**** Information shown ****

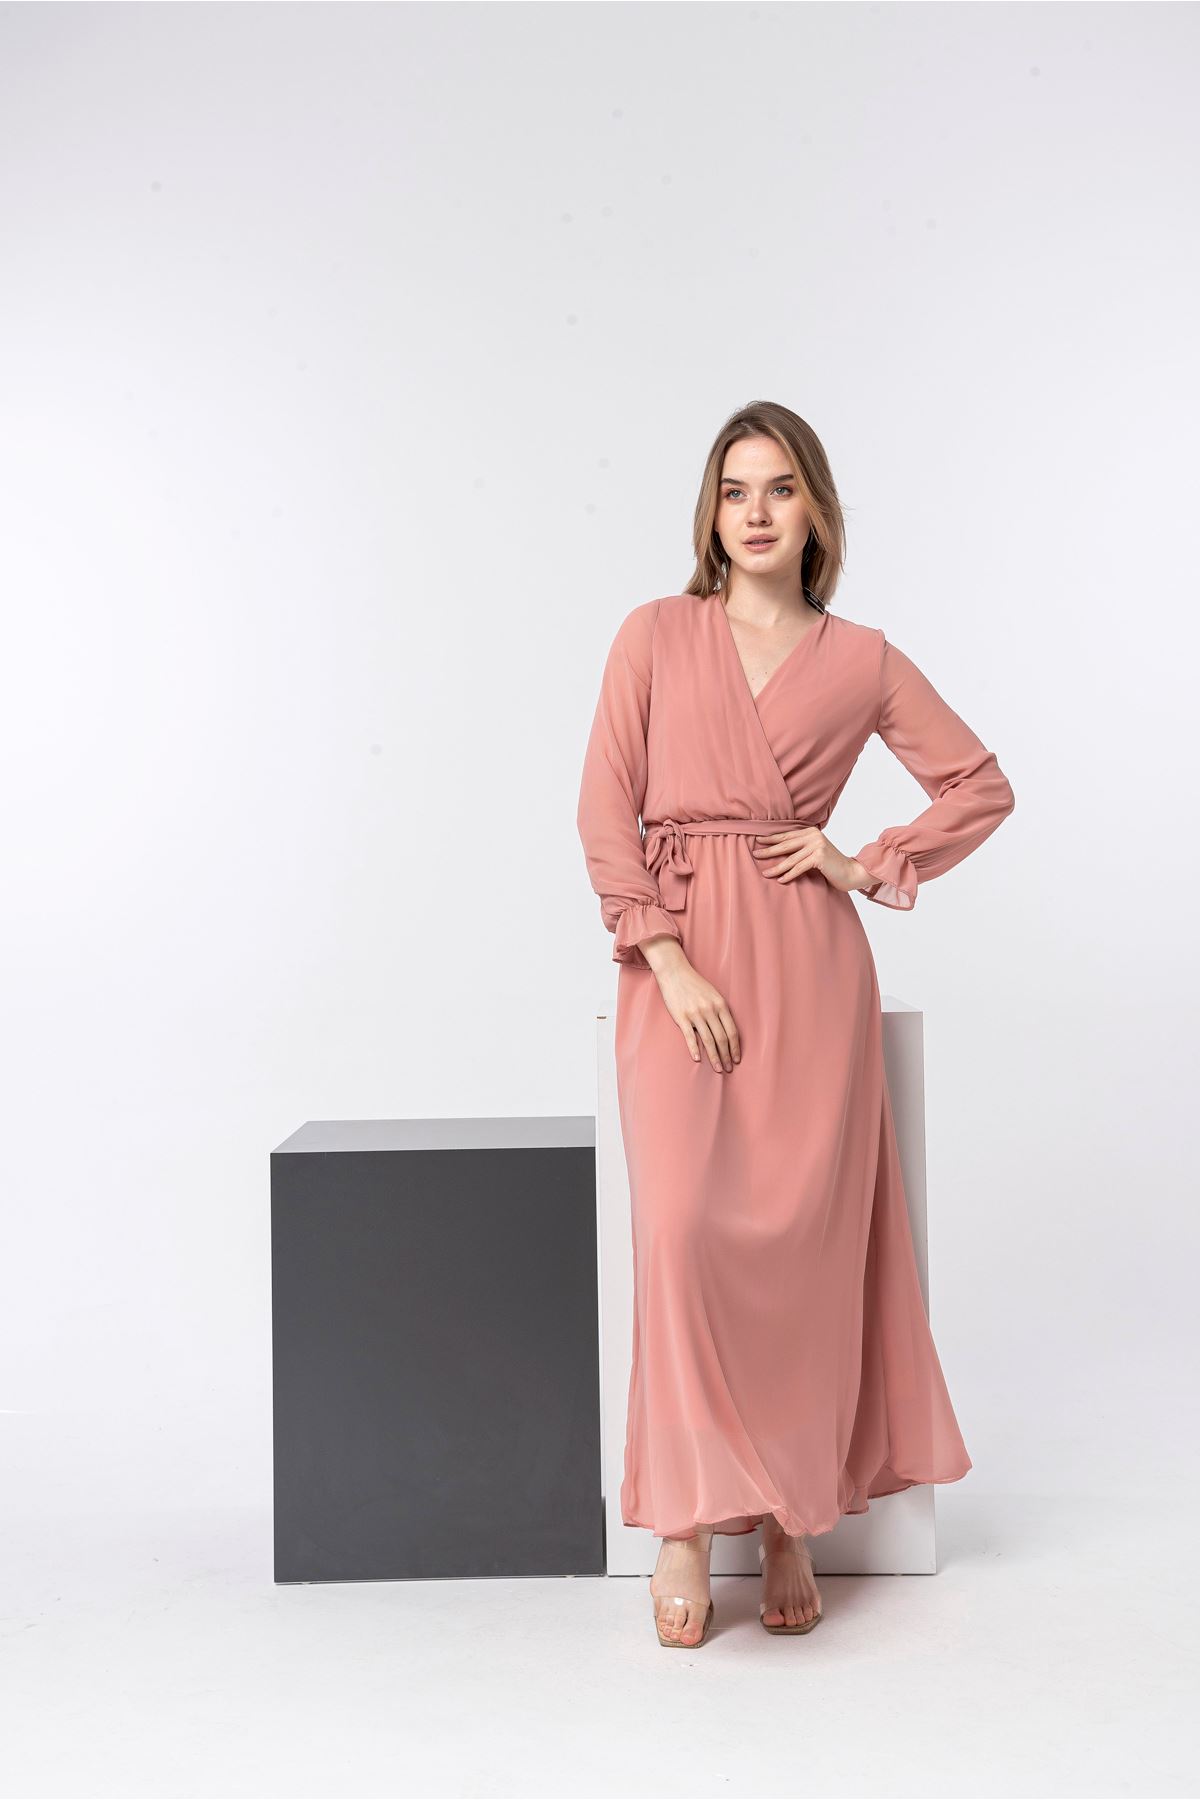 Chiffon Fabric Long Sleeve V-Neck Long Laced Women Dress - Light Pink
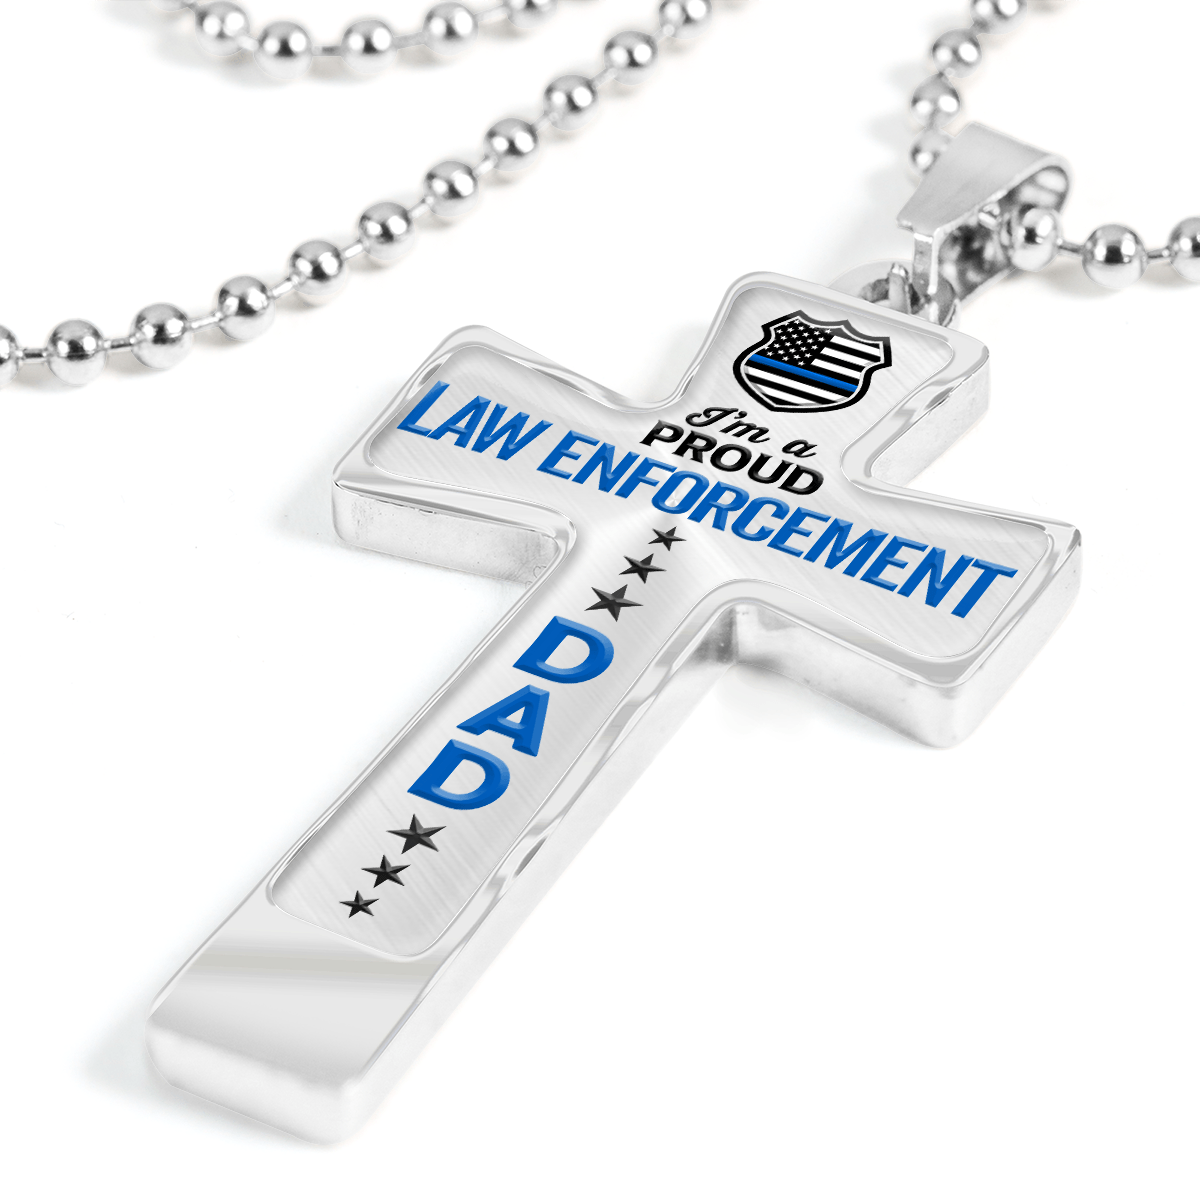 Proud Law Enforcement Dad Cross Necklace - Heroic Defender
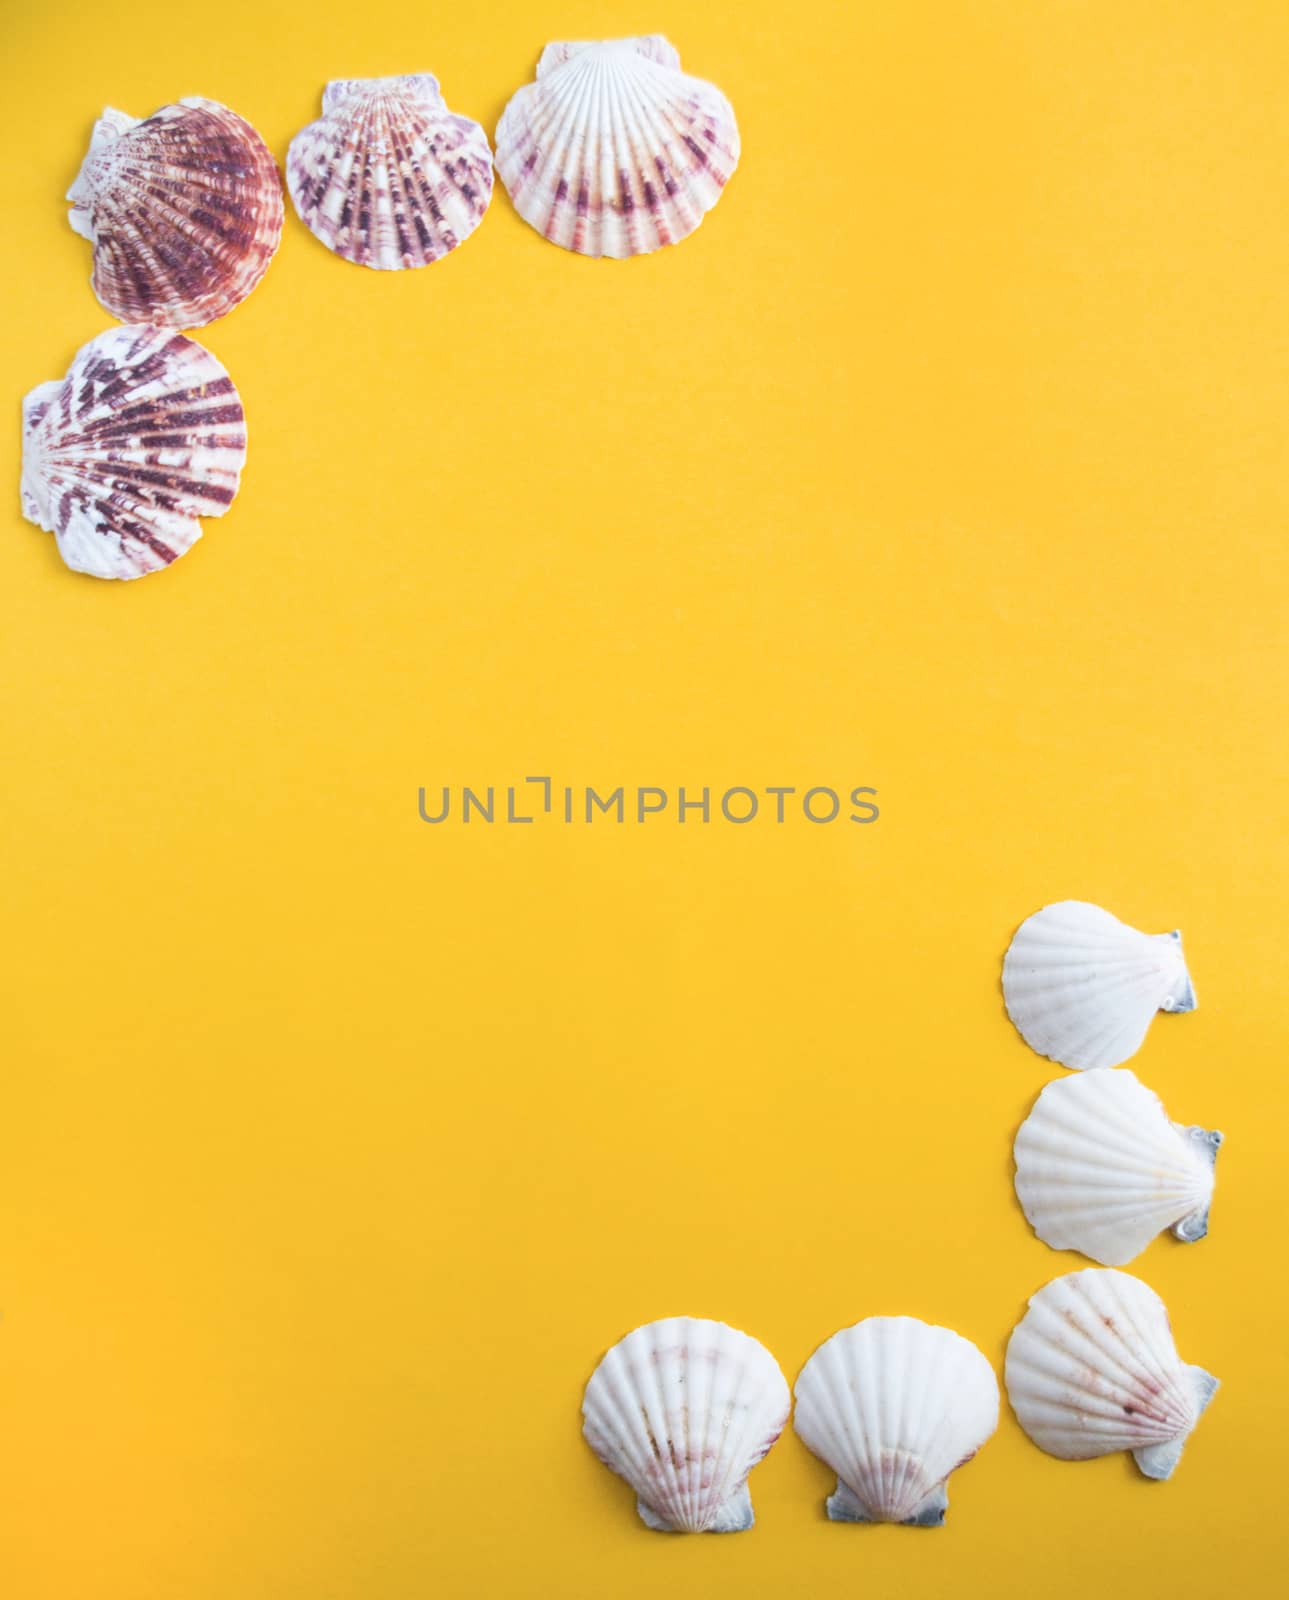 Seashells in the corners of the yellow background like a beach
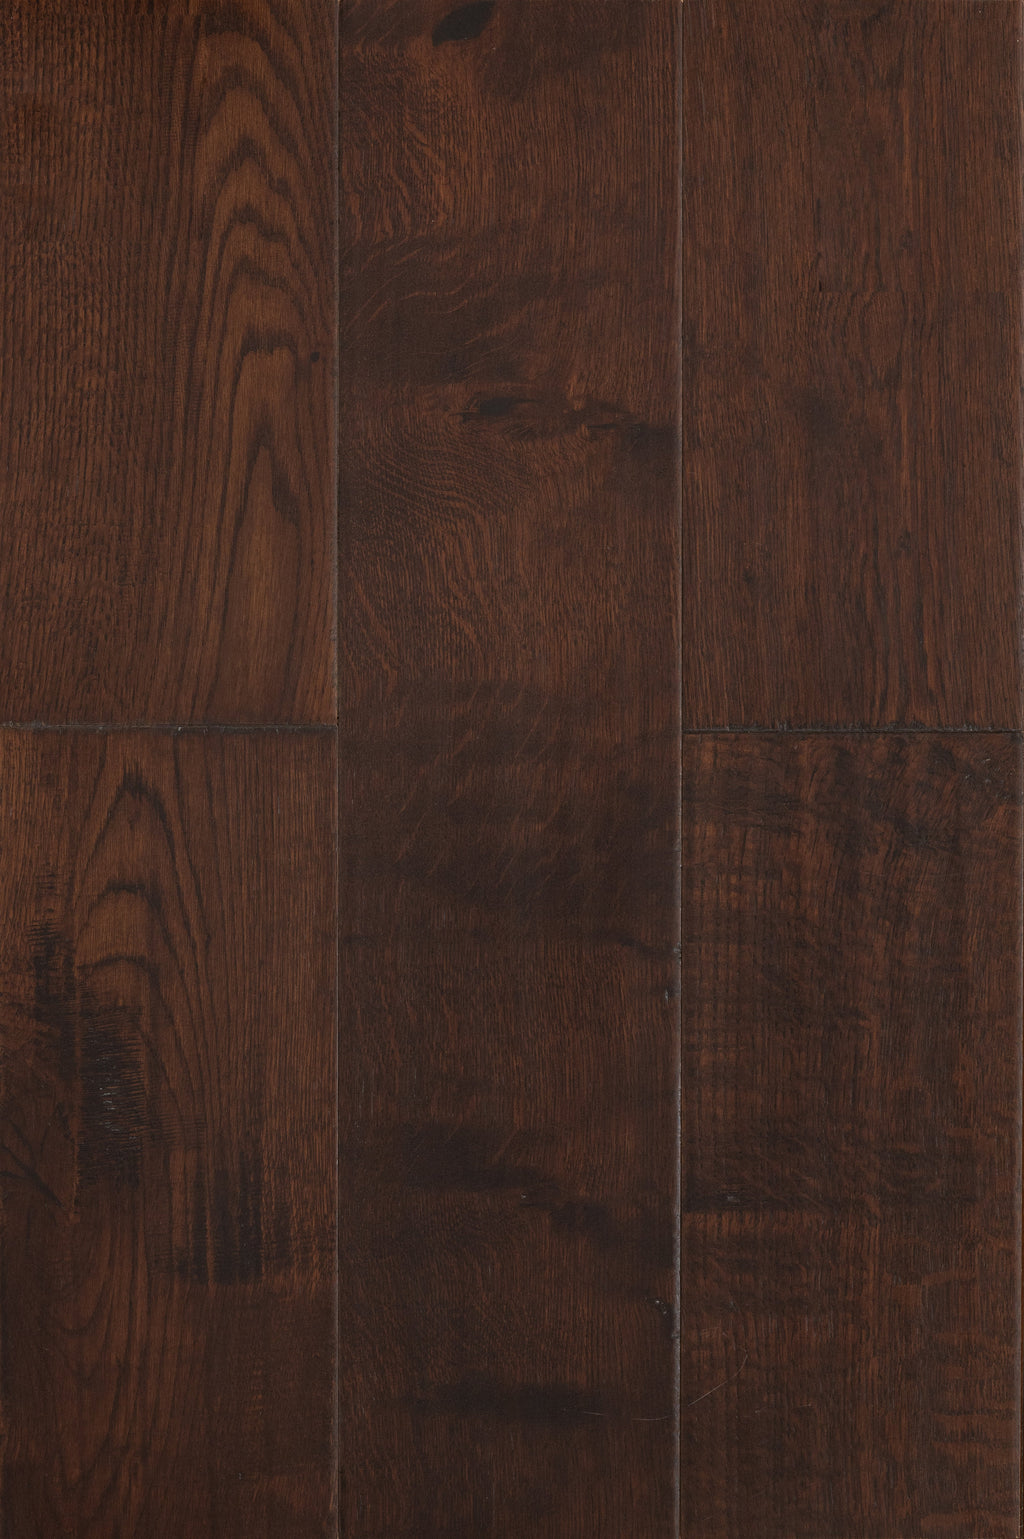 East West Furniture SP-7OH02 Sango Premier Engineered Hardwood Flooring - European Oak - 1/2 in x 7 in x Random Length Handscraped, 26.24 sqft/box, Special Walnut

****

• **Your task**
Everything in the material above is to be reproduced exactly, pictures aside.

• **Task output**
 Chiffon Fabric Long Sleeve V-Neck Long Laced Women Dress - Light Pink
 Proud Law Enforcement Dad Cross Necklace - Heroic Defender
 Seashells in the corners of the yellow background like a beach
 East West Furniture SP-7OH02 Sango Premier Engineered Hardwood Flooring - European Oak - 1/2 in x 7 in x Random Length Handscraped, 26.24 sqft/box, Special Walnut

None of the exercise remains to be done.